The office, which will be named the World Economic Forum Center for the Fourth Industrial Revolution, has the objective of ensuring the benefits of technology are spread throughout society. Alongside the opening of the office, Klaus Schwab, the World Economic Forum’s founder, has published a blog entry which has seemingly given the green-light for the fourth industrial revolution in quite a pompous and self-congratulatory manner. Thanks for given us the go-ahead Klaus, don’t know what we’d have done without you.

“We all have the ability to shape the future of technology. And we all have an enormous responsibility to make sure that technology enables the future we aspire to,” said Schwab. “The Forum feels that responsibility very acutely, as a platform for people from all countries and sectors, to make positive change.”

While fashionably late, there is certainly a role for the World Economic Forum in the roll-out of new technologies on mass scale. Although early adopters have done a considerable amount to normalize the tech while also passing on lessons learned, there is a currently unfilled role in the industry to make sure the deployment of such technologies doesn’t negatively impact society.

Every industrial revolution has its winners and losers. The winners are generally those who sit at the top of the societal pyramid, and the losers are those at the bottom, though the benefits do eventually trickle through. For every industrial revolution, there are proportions of society who find themselves out of work and underqualified for the next era.

The second industrial revolution for example enabled the widespread adoption of pre-existing technological systems such as telegraph and railroad networks, gas and water supply, and sewage systems, which had earlier been concentrated to a few select cities. This would have put thousands of people out of work.

The fourth industrial revolution has the potential to the same, which is to be expected, however due to the increasing speed of adoption this displacement will happen in a much shorter period of time. The second industrial revolution is generally dated between 1870 and the beginning of World War I; the transition we’re going through currently will be much more aggressive. Technological advancement cannot be stopped because of this reason, but has to be managed to ensure the negative impacts are not too widespread.

Another area which may be worth considering with the growing role of analytics in day-to-day life is abuse of the technology.

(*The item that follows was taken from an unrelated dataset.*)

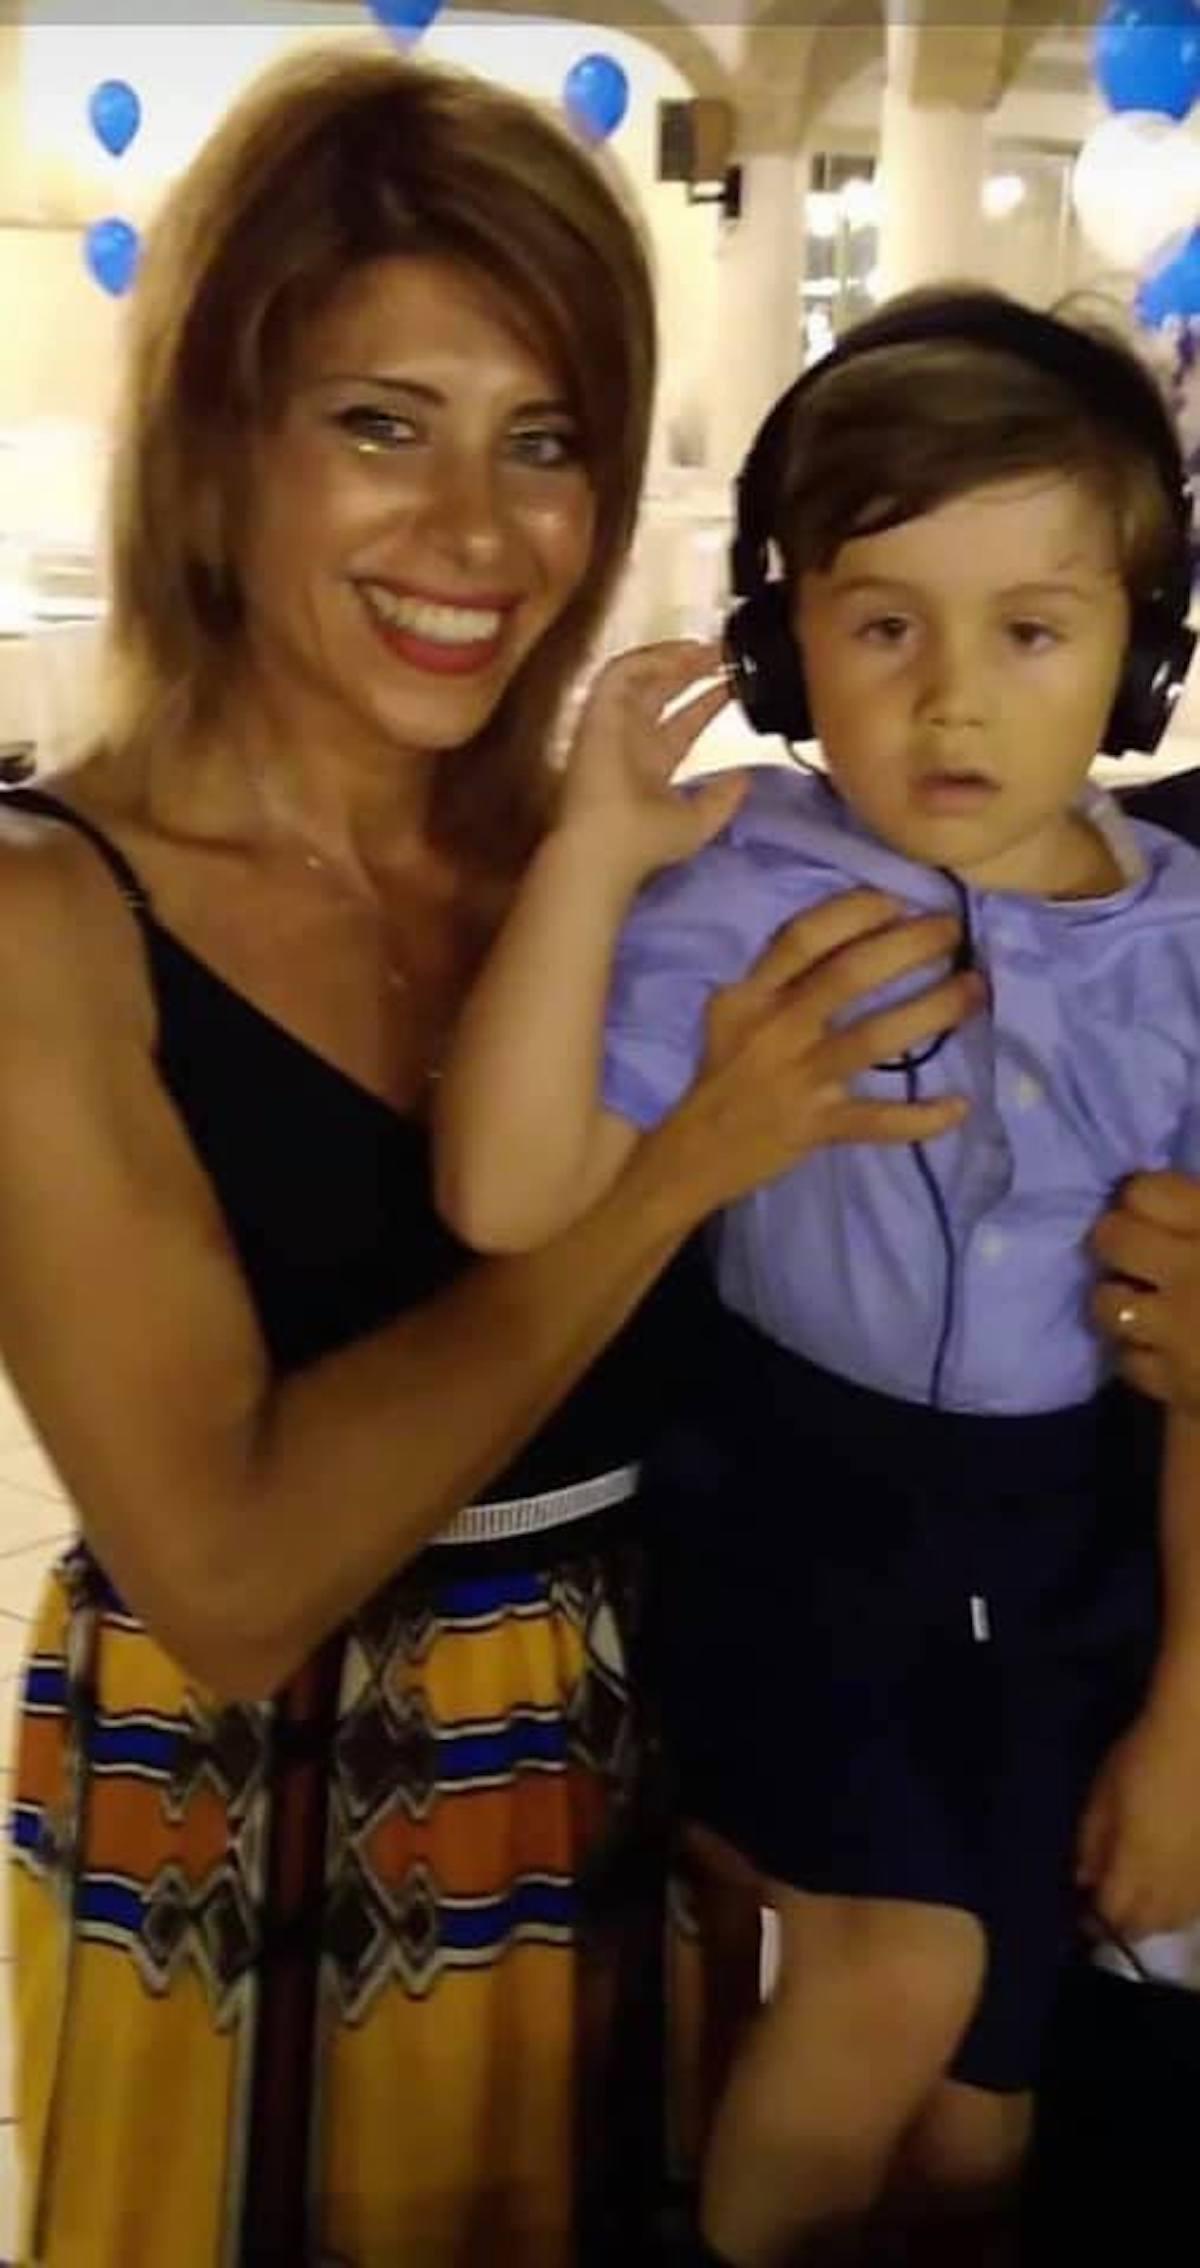 Gioele e Viviana Parisi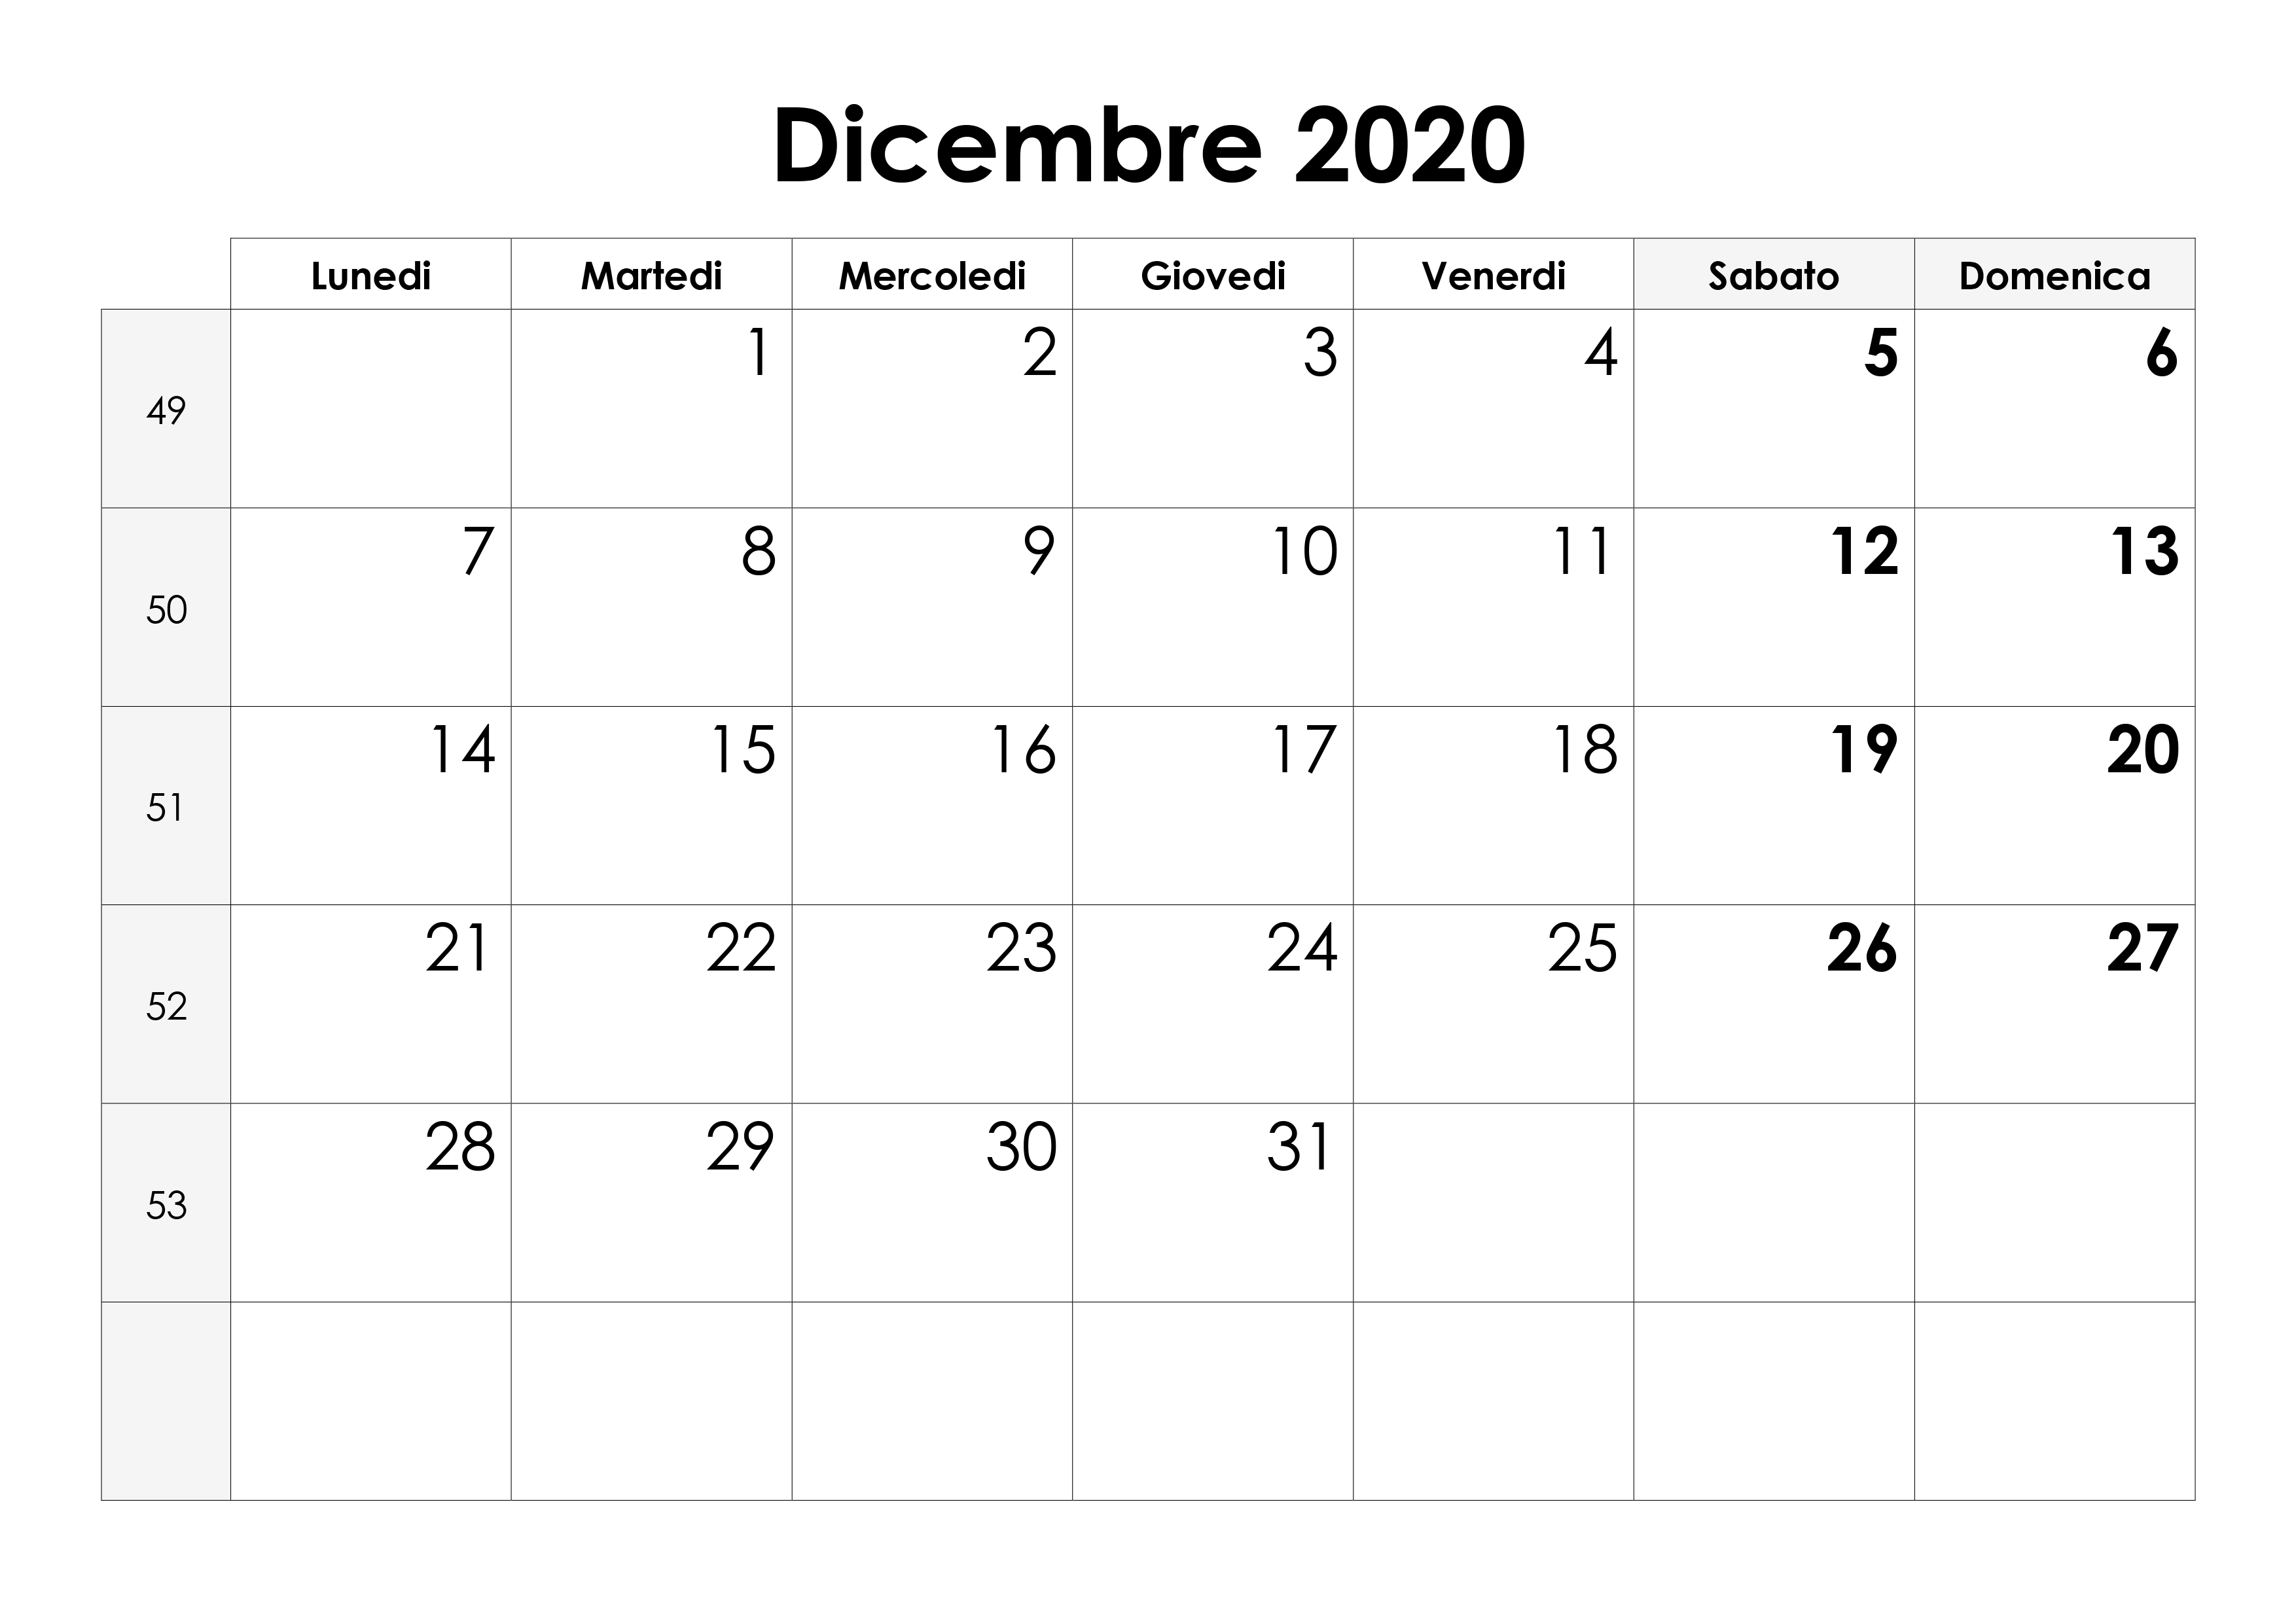 Dicembre Calendario 2020.Calendario Dicembre 2020 Calendario Su

Who is to say what is right and wrong or moral or immoral when considering the deployment of artificial intelligence technologies such as machine learning or predictive analytics.

The Sacramento Sheriff’s Department has recently announced it will be using analytics software and tools provided by Splunk to become more efficient. Now there certainly is a use case for better application delivery, detect fraud, faster incident response and quicker IT troubleshooting, though the term predictive policing was used which could be seen as a concern.

How predictive policing will be used in Sacramento, though there are questions of morality which must be raised around the topic. The team want to “gain real-time insights to get ahead of crime” which sounds similar to Tom Cruise’s Pre-Crime unit in Minority Report. Is it possible to get ahead of crime? Will predictive analytics lead to prejudice in police actions? Is this an ethical use of the technology? Trials into predictive policing have already been deemed a failure in Chicago, and Telecoms.com questioned the ethical nature of the project at the time. Our opinion on the matter hasn’t changed.

The recent news announcing the creation of Partnership on AI working group is a positive sign for the industry, though the needs for an independent group to oversee the ethical and fair roll-out of technology is a must. So despite the self-righteous announcement from the World Economic Forum, there may be a crucial role for the group to play after all.